INFORMATION SHOWN:
*-*-*
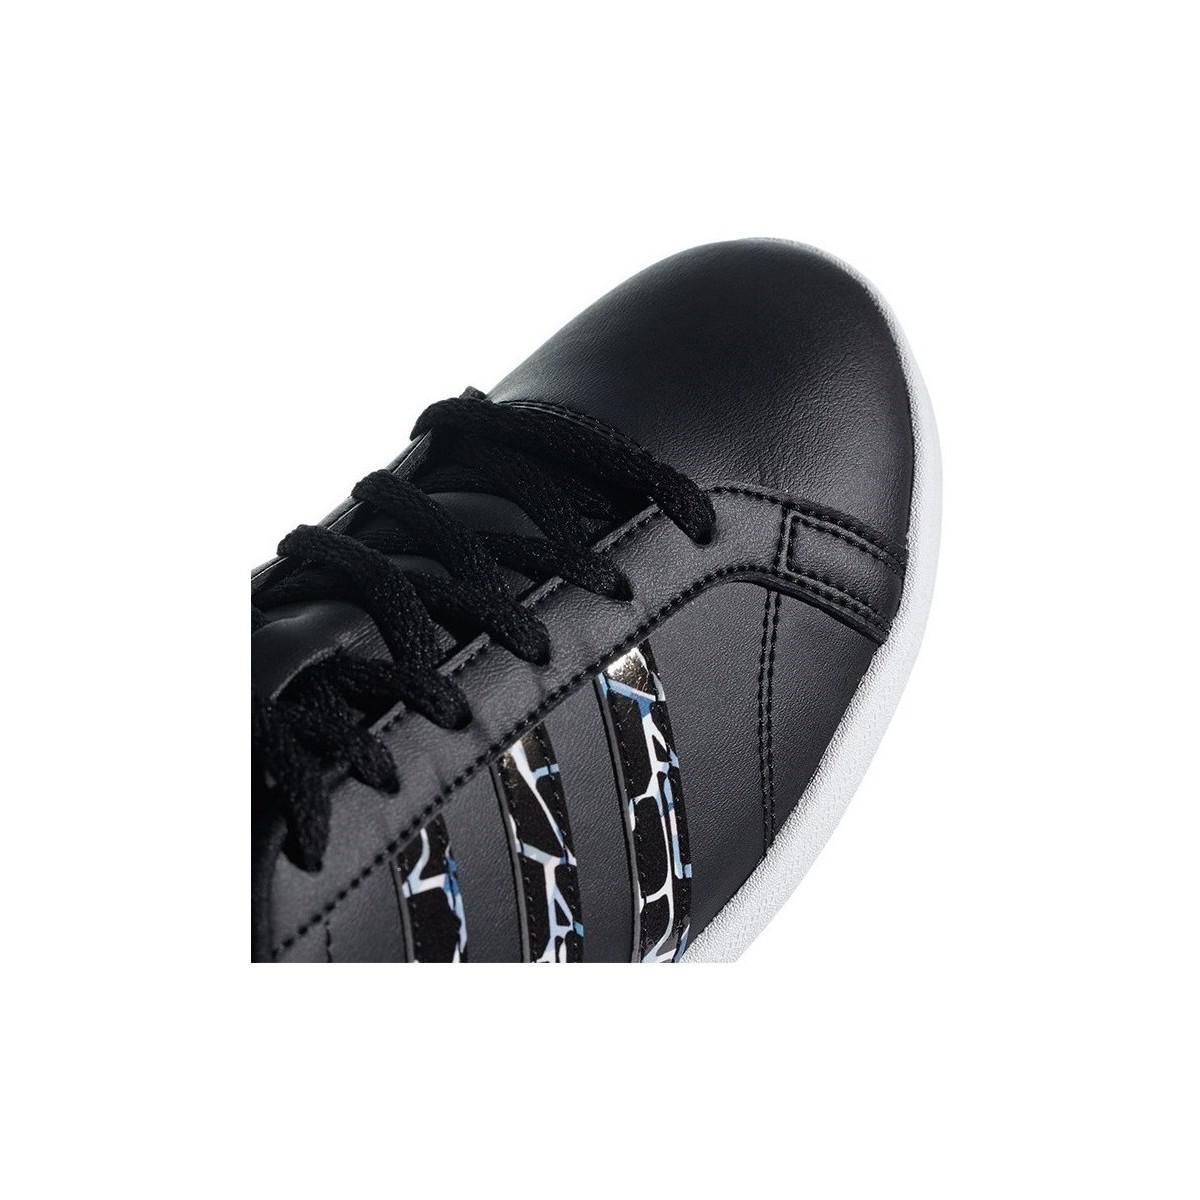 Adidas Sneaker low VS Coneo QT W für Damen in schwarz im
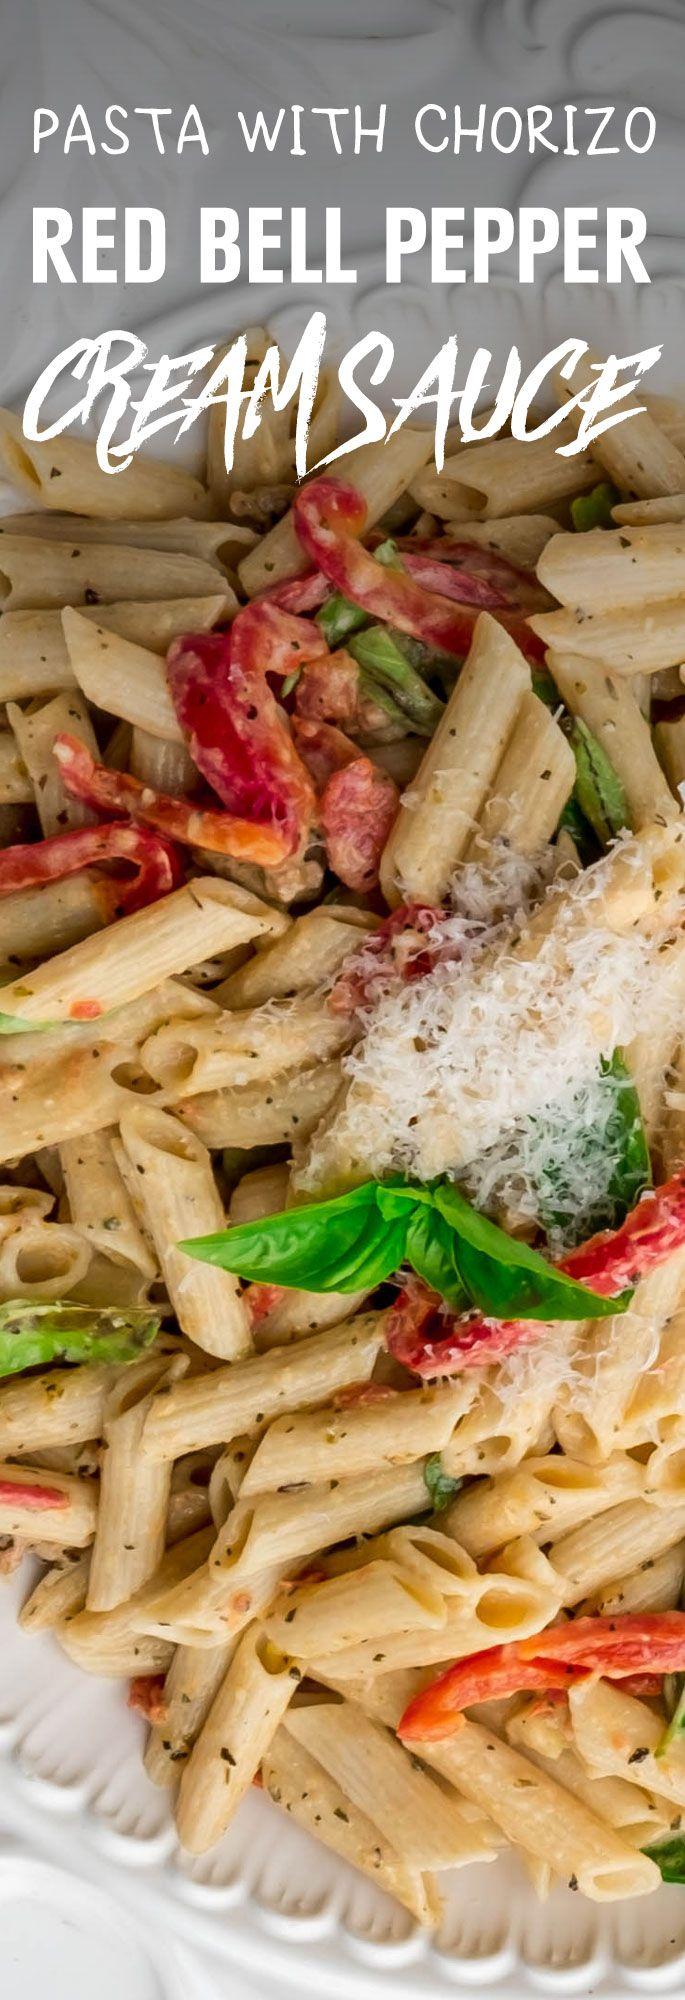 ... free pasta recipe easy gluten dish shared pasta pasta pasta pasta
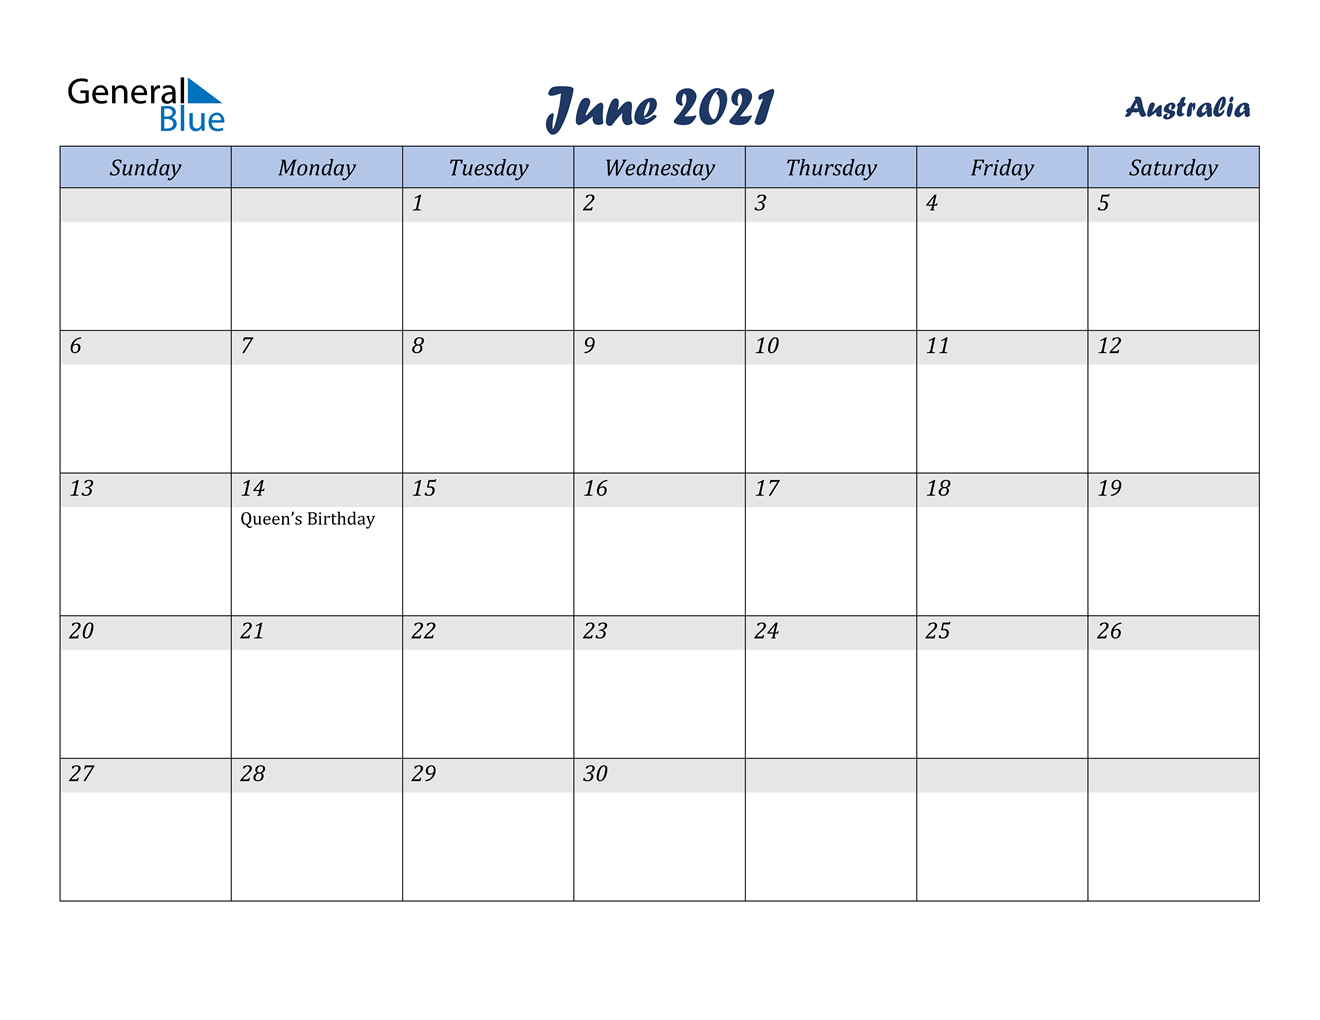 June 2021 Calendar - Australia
*-*-*
WORK TO BE COMPLETED: Repeat every line above exactly, minus the pictures.

ANSWER BOX:
 Adidas Sneaker low VS Coneo QT W für Damen in schwarz im
 ... free pasta recipe easy gluten dish shared pasta pasta pasta pasta
 June 2021 Calendar - Australia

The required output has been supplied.